Even a plane going in a circle around the planet is going 'forward'. Forward is a direction in the context of a destination.
What is the destination that MSO-XML and ECMA(...) were designed for? Re-representing exisiting docs on its own is a useless destination.
"IBM would rather force people to convert to ODF, and then sell consulting services to aleve(sic) their pain."
Wouldn't Microsoft be in a much better position to sell consulting services?
Mine - "MS Binary-format files would have been better off being preserved as PDFs" Yours - "it is a no-brainer to allow developers to use any of the really good XML programming APIs, instead of munging around in a binary file."
Another orthogonal answer. I wrote of preserving documents, you reply about creating documents.
ThinkFree supports saving as PDF. Their Flash presentation has a number of errors as well, some spelling, esp slide #5/11. Is ThinkFree "the compatible" alternative to Office? The first three bullets on slide #9 are interesting as well.
A company offering professional support should be able to produce a professional advertisement. Likewise a poor presentation suggests a lack of attention to detail. Not a good reference.
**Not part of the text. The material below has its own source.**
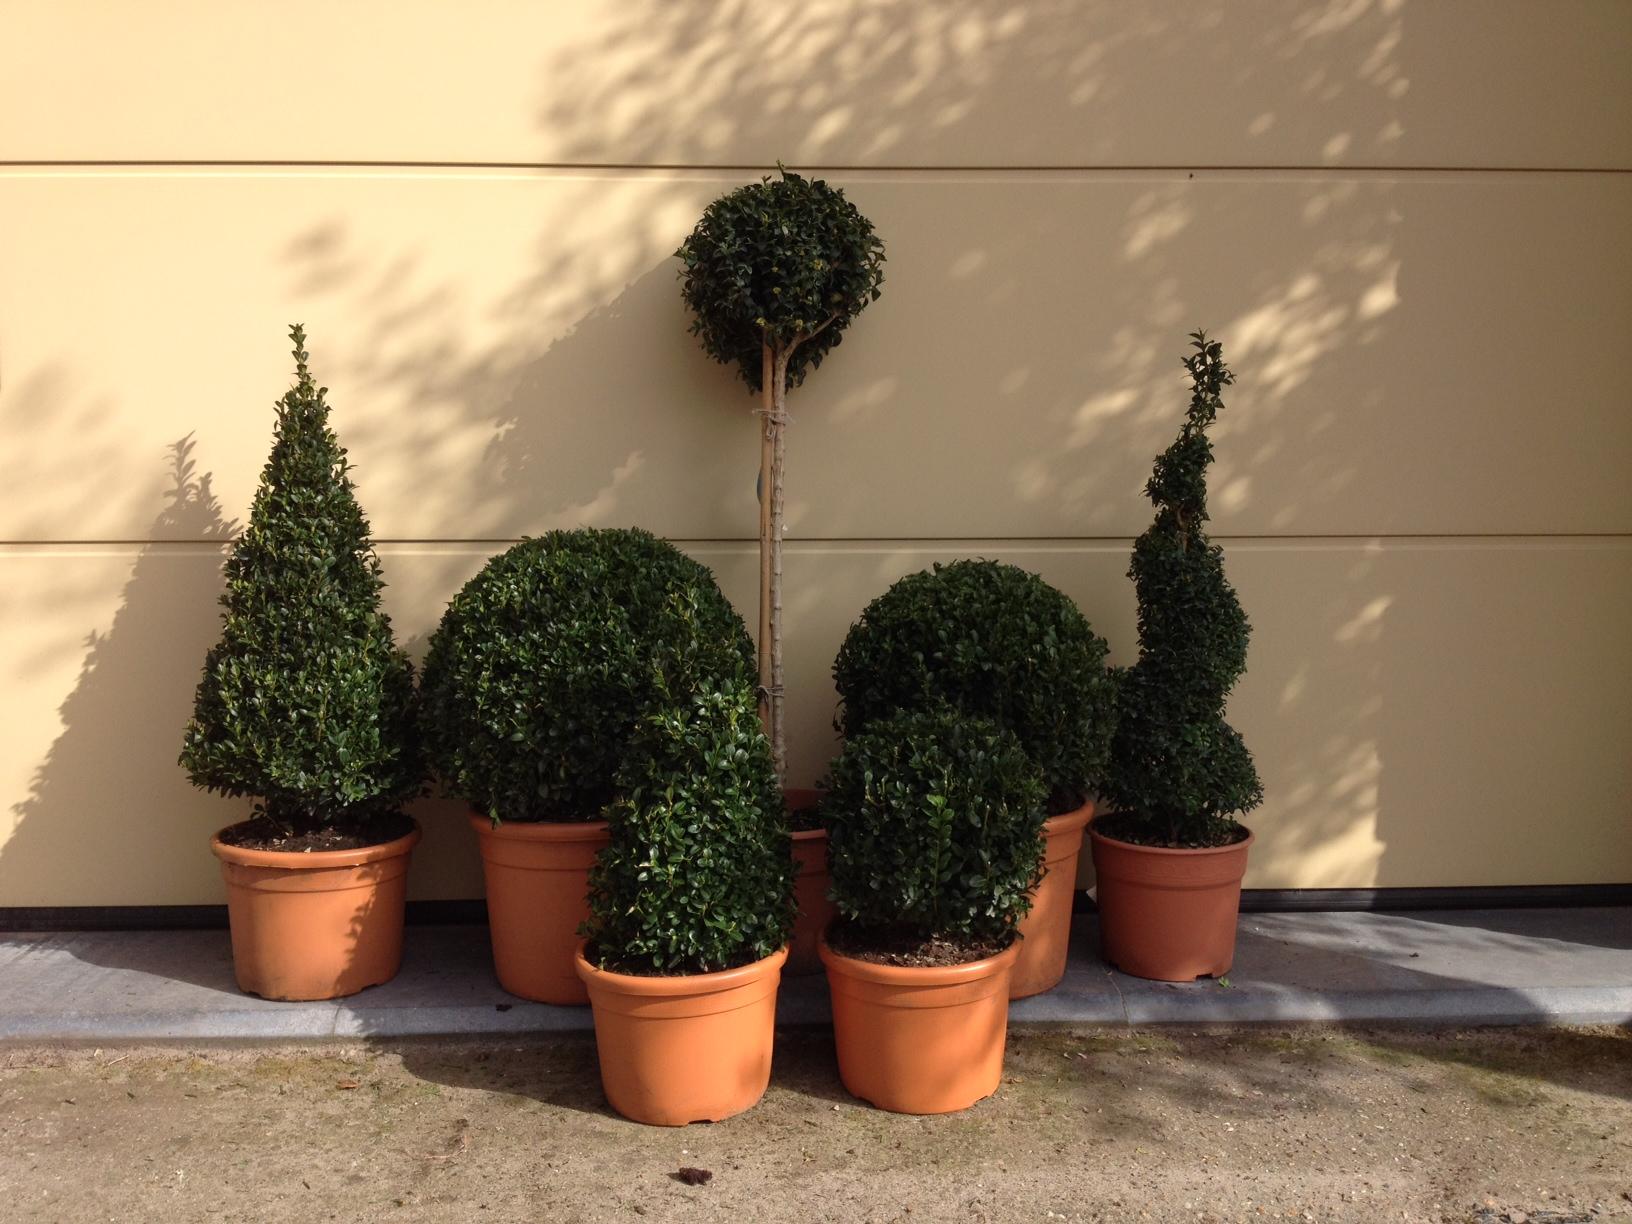 Buxus sempervirens - palm

Still no size of the zipped spec?
I asked someone - Gray Knowlton - why the zipped version of a '97 doc was smaller than the same-version of an '07 docx, given that zip is used to compress it and smaller file size was one benefit of MSO-XML.
The answer was somthing about robustness.
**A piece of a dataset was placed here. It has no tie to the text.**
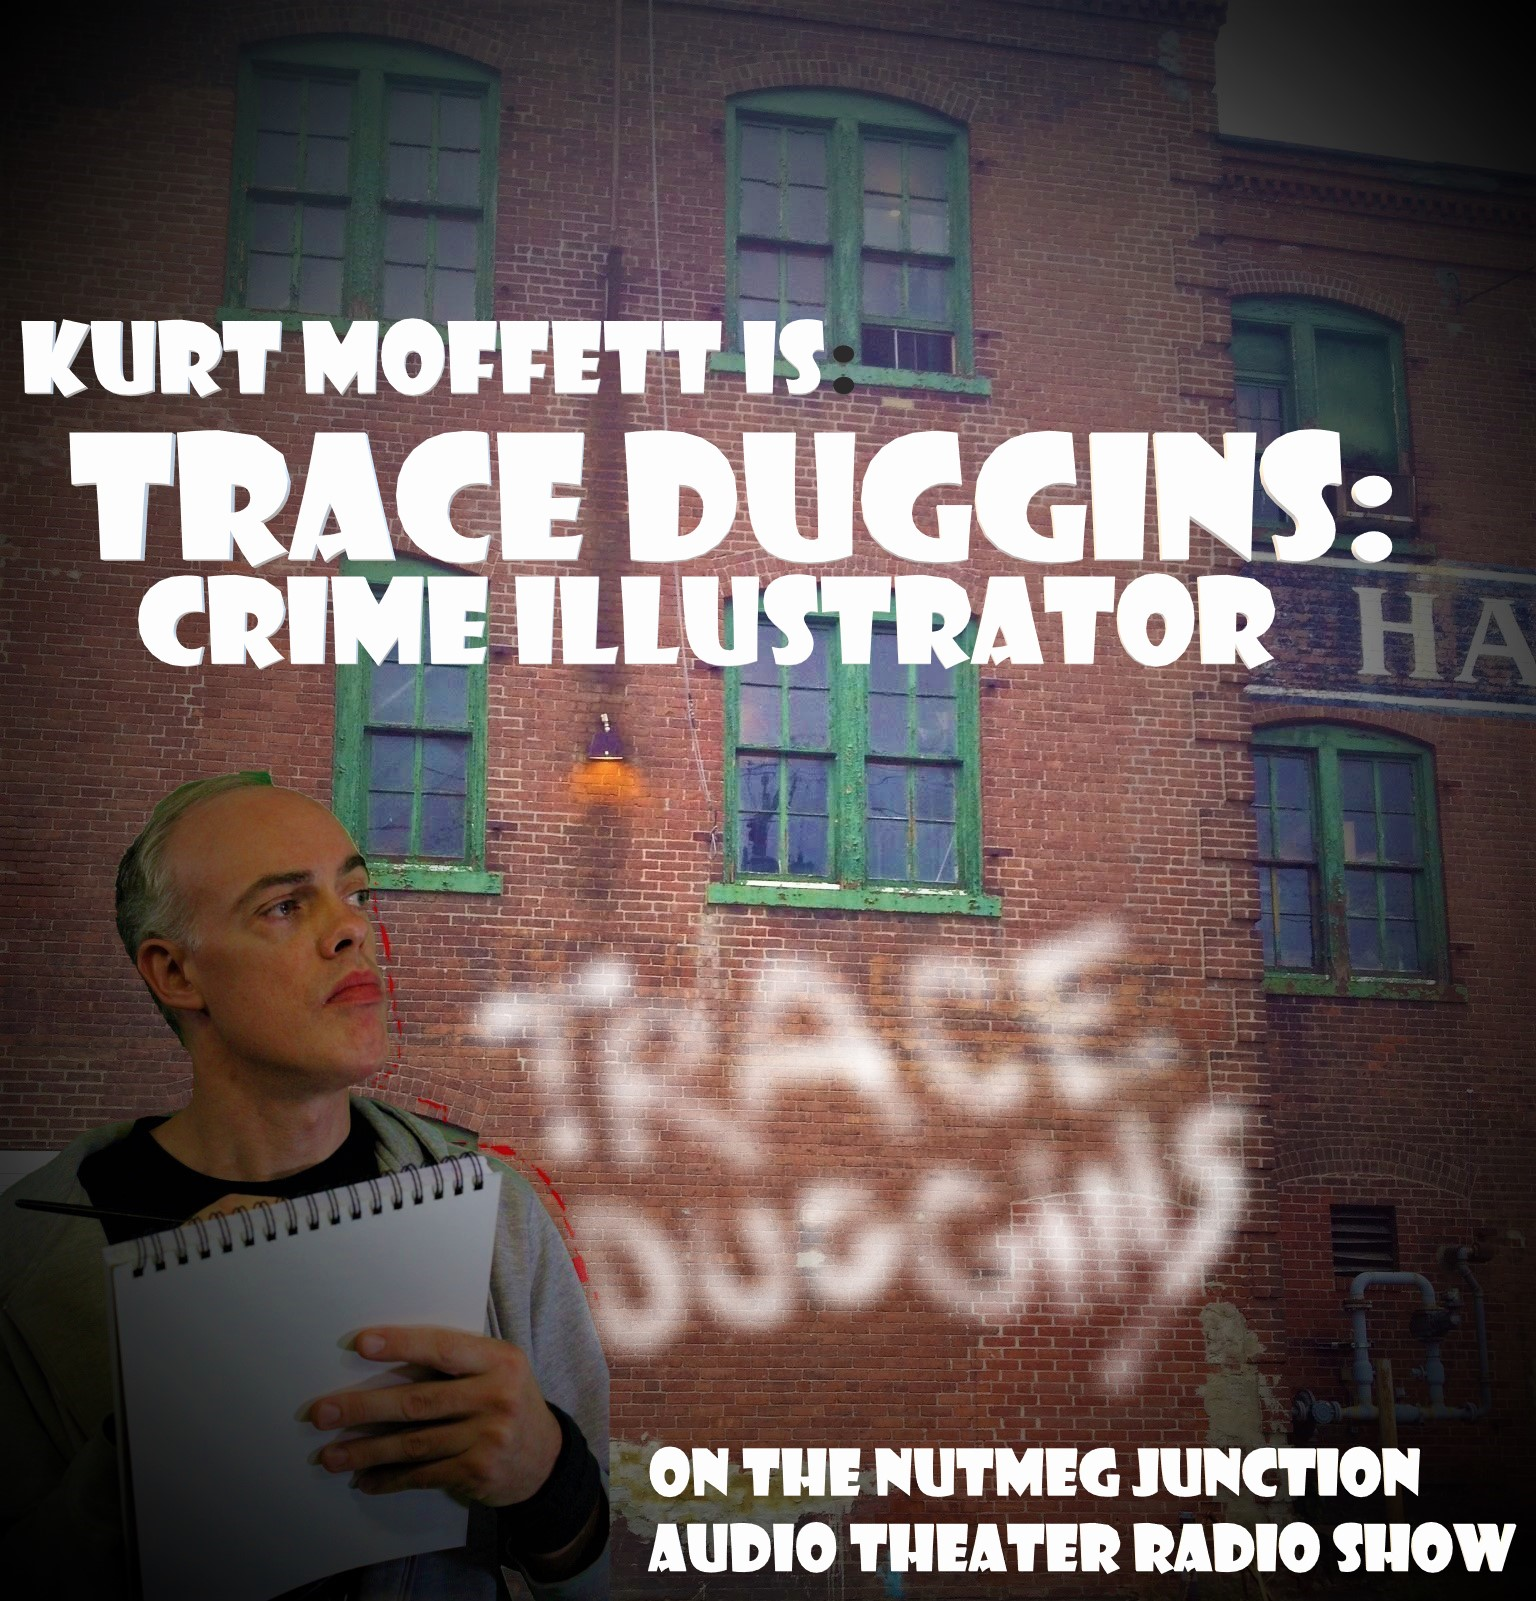 trace duggins

Then I thought - un-zip and re-zip the docx. Ta-da -20% smaller than the original .docx file and a little smaller than the zipped '97 .doc.
So I asked what was left out of the .docx file that was in the '97, as compression is limited by the true information content.
No answer from Gary.
Weren't you sarcastic to begin with - "About the length of the spec when zipped, I'm sure that you know how to run WinZip ;)?" Complete with emoticon and all. It looks intended to be demeaning.
The ratification question is still up for answer also. Java has no ISO spec, but it seems to do as well as MSO-XML would have done by simply publishing MSO-XML via the Web.
Again, why was ratification so important?
Dave S., I hate to butt in, but Eric pretty clearly answered your concern about whether it's better to store documents as PDF or in an editable format: `I think that your assertion regarding binary format files would be better preserved as PDF is not correct. It certainly is not what we hear from our customers.'
Obviously these are just opinions. If Eric were to provide a reference to a plausible sample survey done among customers, we could see for ourselves whether they prefer to edit documents or keep them archived forever. But then if it's the latter, where's the need for a format like ODF?